Sorangicin A – pt. 2

Smith, Dong, Brenneman, Fox. JACS, 2009, ASAP. DOI: 10.1021/ja9052366. 

Read the first post?  Good.  Let’s get on with the one remaining fragment, a further DHP.  Work on this fragment was conducted via a coupling of an enone with the ready-elaborated sidechain – reaction that might be a little sluggish, as the enol functionality is again working against the group.  However, forming a cuperate of the vinyl bromide solved this, allowing a highly selective and reasonably high yielding reaction (60%, 20:1 d.r.).  BTW, the two fragments weren’t particularly challanging – a Myers alkylation provided the single stereogenic center in the vinyl bromide, whilst a hetero-Diels-Alder using Danishefskys diene and the same Jacobsen catalyst we saw on Sunday did for the DHP.

However, removing the silane (subsequent to an oxidation) has left a ketone rather than the required DHP.  Installation of unsaturation and removal of the extraneous carbonyl looked quite a challenge to me, but not for this group.  A regioselective enolisation using LDA allowed selective formation of the correct alkene.  Triflation using Comin’s reagent then set them up for some slightly unusual palladium chemistry – a catalytic reduction using tributyltinhydride as the terminal reductant.  Neat, and very selective.

Their success with this fragment was somewhat perturbed when tackling the main course – as the C-10 secondary alcohol was missassigned in the original paper.  Inversion was required, but Misonubu conditions (which would have been quick) were recalcitrant.  That doesn’t surprise me – ring-bound inversions are subject to the complex conformation thermodynamics, and the allylic nature doesn’t help either.  In the end, they resorted to an Ley oxidation / Luche reduction sequence, which whist more awkward, had the prized benefit of actually working.  The primary silanol was deproteced and the sulfone require for the Julia chemistry appended by Mitsonubu / oxidation  of the thiol.

It was the other Julia coupling that the group first targeted; the DHP-diol fragment was the ready to couple with the dioxabicyclo[3.2.1]octane aldehyde to complete the LHS.  However, and to no massive surprise, the olefination required quite a bit of optimisation.  The choice of base, and more specifically, counterion, was highly influential – tBuLi in HMPA/DMF was the winner, with a 39%yield.  Next up was the second Julia coupling, this time with the now epimerised DHP above.  The lessons learned in the first coupling were useless – this time, KHMDS in DME prevailed, delivering 86% product solely as the desired trans- isomer.
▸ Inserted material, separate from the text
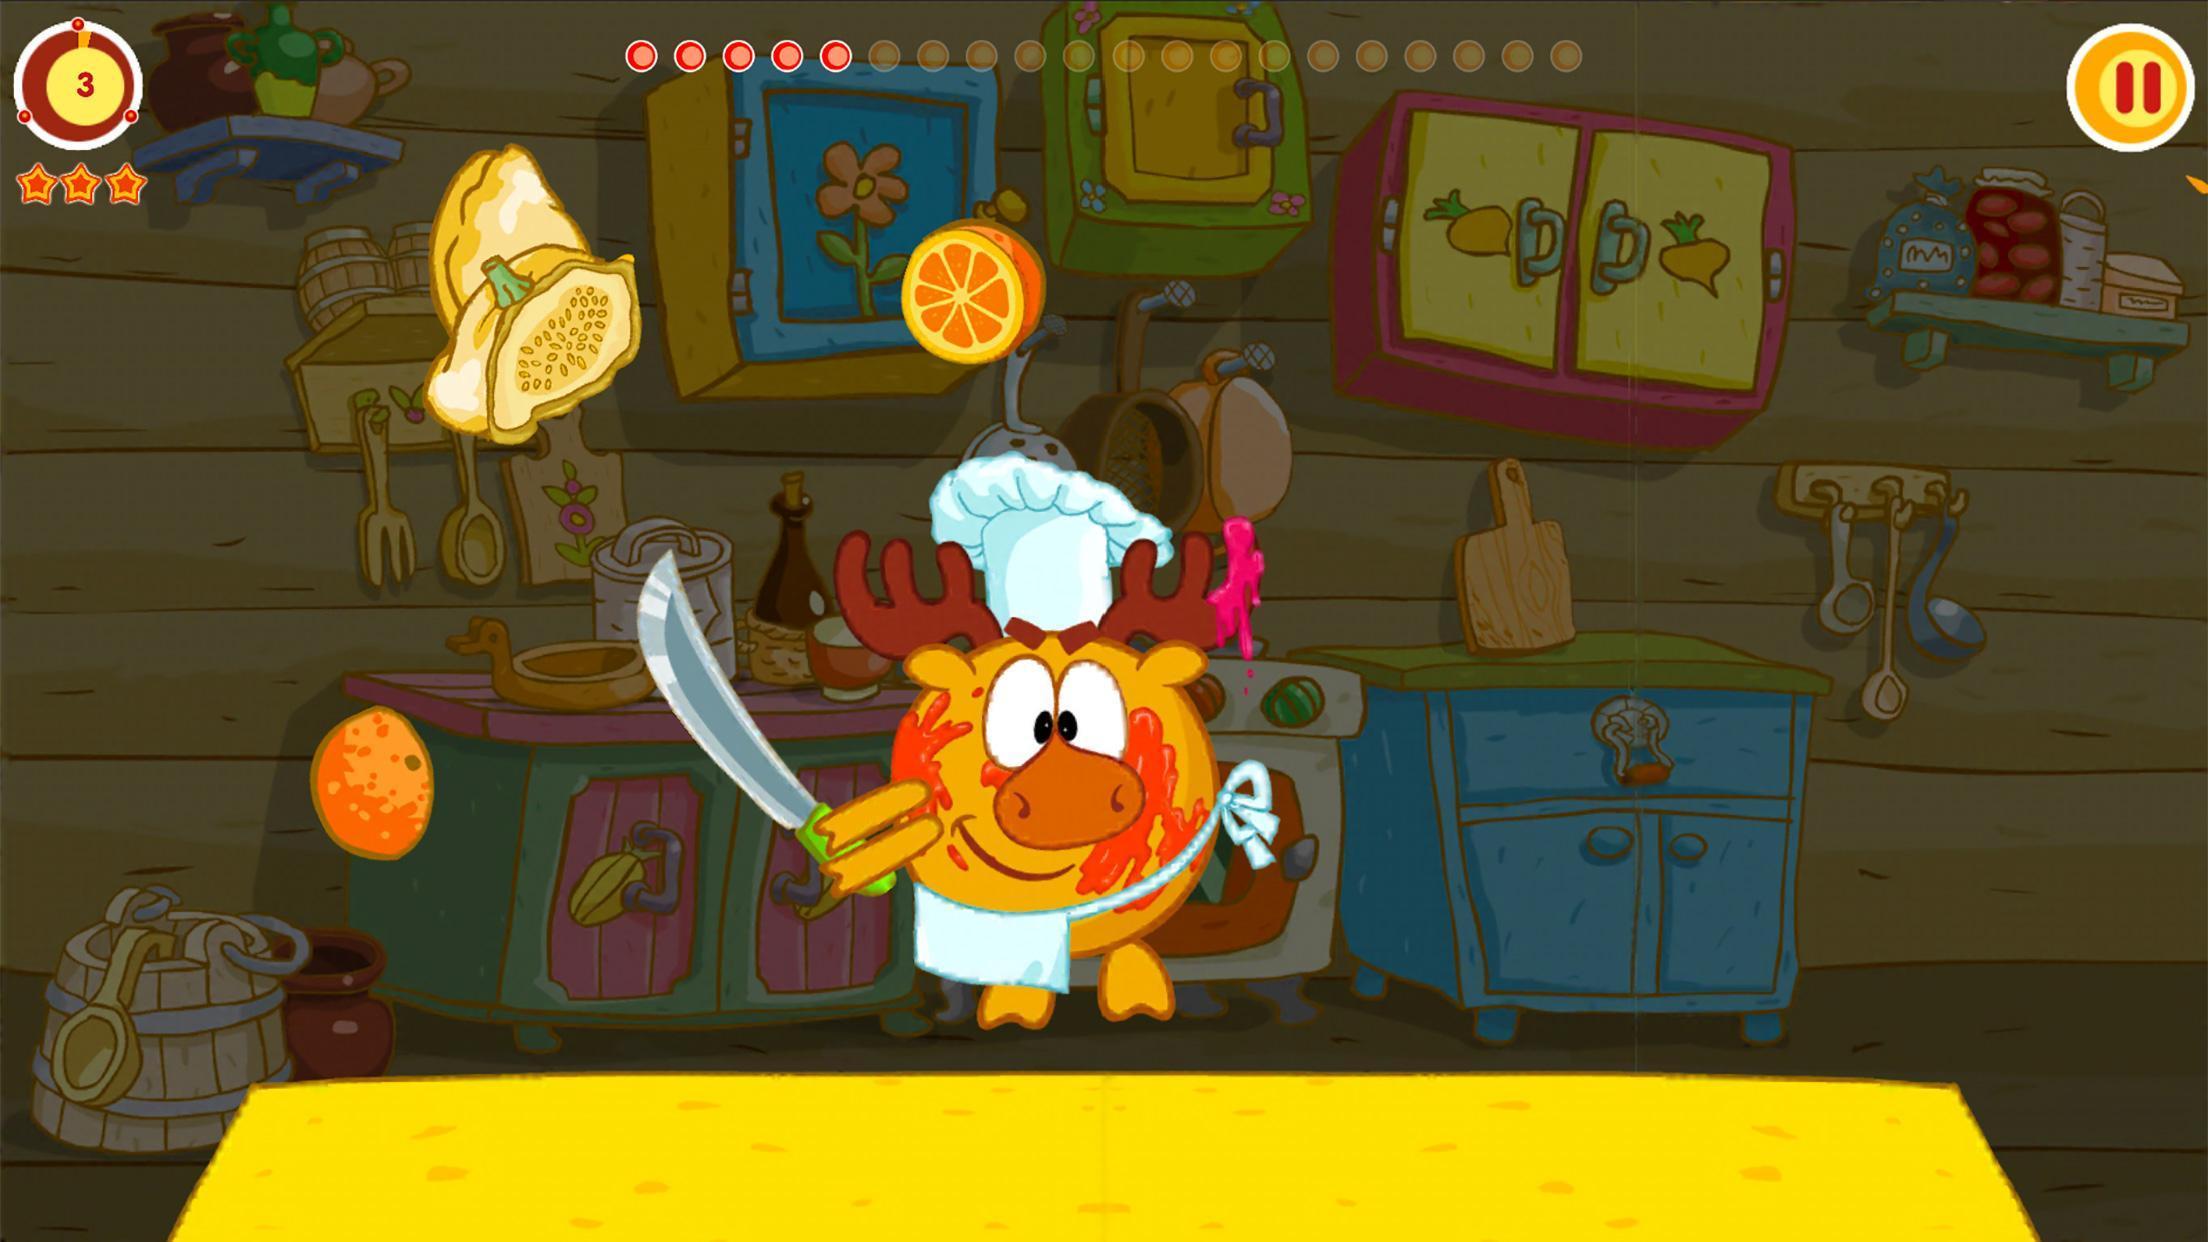 Смешарики. Кулинария 1.2.9 Screenshot 4

Now, the carbon skeleton needed only the triene unit – definitely the most fragile moiety.  This had to be treated lightly, so the group must have been jubilant to see that a Stille coupling with a diene-yl stannane was very effective – especially as a ‘less risky’ dienyne route was prone to isomerisation.  An 88% yield for that step is magnificent, so congrats to the student with the stinky fingers…  Notable is the use of excess Ph₂PO₂NBu₄, which Smith describes as preventing the isomerisation.  The last major step is the cyclisation – something there are a million (okay, quite a few) methods for.  My former Boss used to say that any reaction that has a huge set of possible conditions is crap, and macrolactonisation is one of those buggers.  However, an effective protocol was found using a modified Mukaiyama reagent, containing a tetrafluoroborate counterion.  Smith says that this non-nucleophillic counterion was key in preventing isomerisation of the triene, and allowed ring closure in an impressive 85%.
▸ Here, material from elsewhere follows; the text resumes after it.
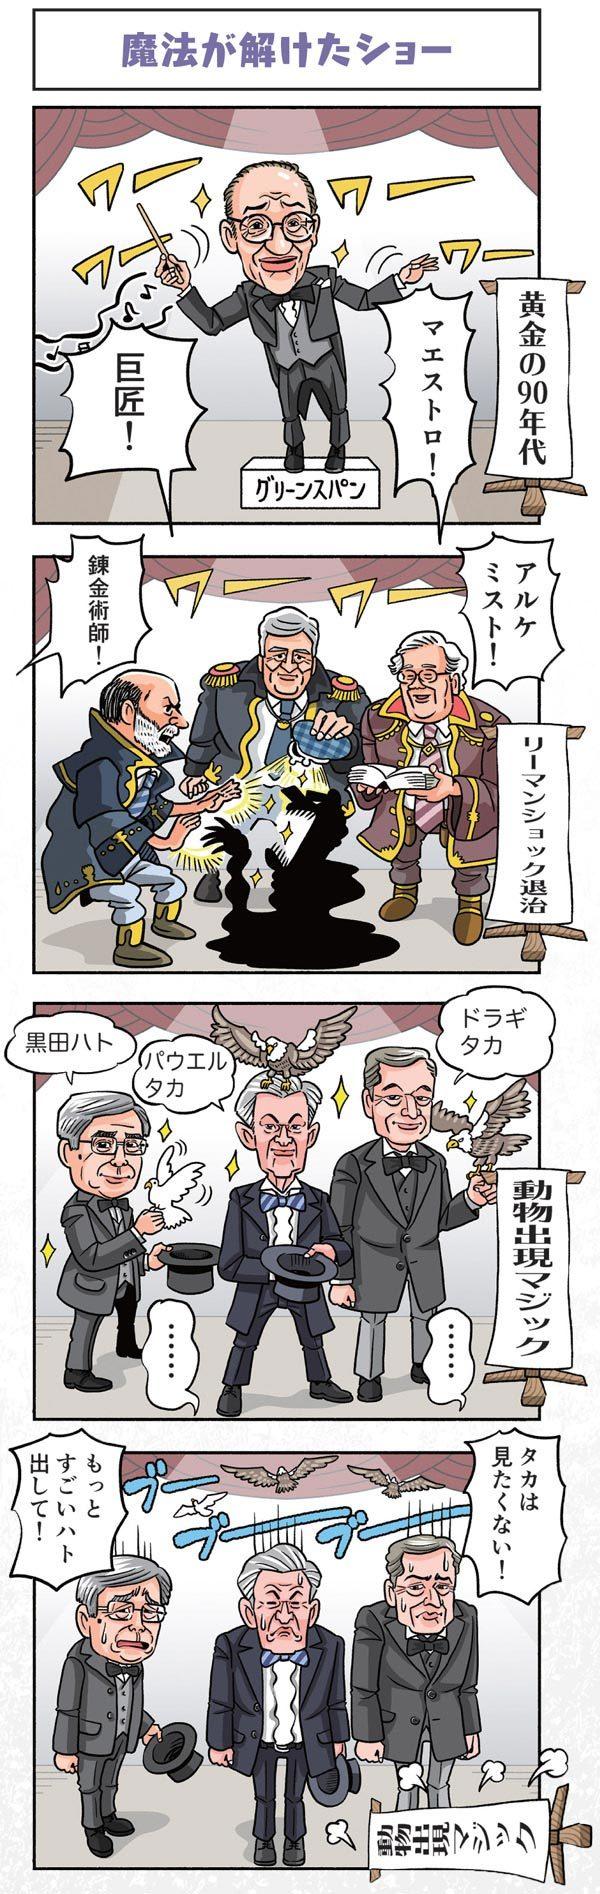 中央銀行の魔法が解けた四コマ漫画

Global deprotection was again, non-trivial (to quote a former colleague when discussing a bastard-hard reaction).  They needed to remove both a t-butyl ester and a MOM group, clearly using some sort of acid.  It’s amazing to see how much solvent choice influences the reactivity of acids, but I’ve seen conditions where acetals were rock-solid, but TBDPS groups were falling-off like lemmings.  TMSOTf was reactive enough to remove both groups, but buggered the triene.  So a stepwise protocol was used, in which the less-reactive TBSOTf was used to cleave the ester, then mineral acid used to remove the MOM group.  This must have been exceptionally frustrating to conduct, but it delivered deprotection in 70% over the two steps, and the natural product, so buckets of nervous sweat aside, good job chaps!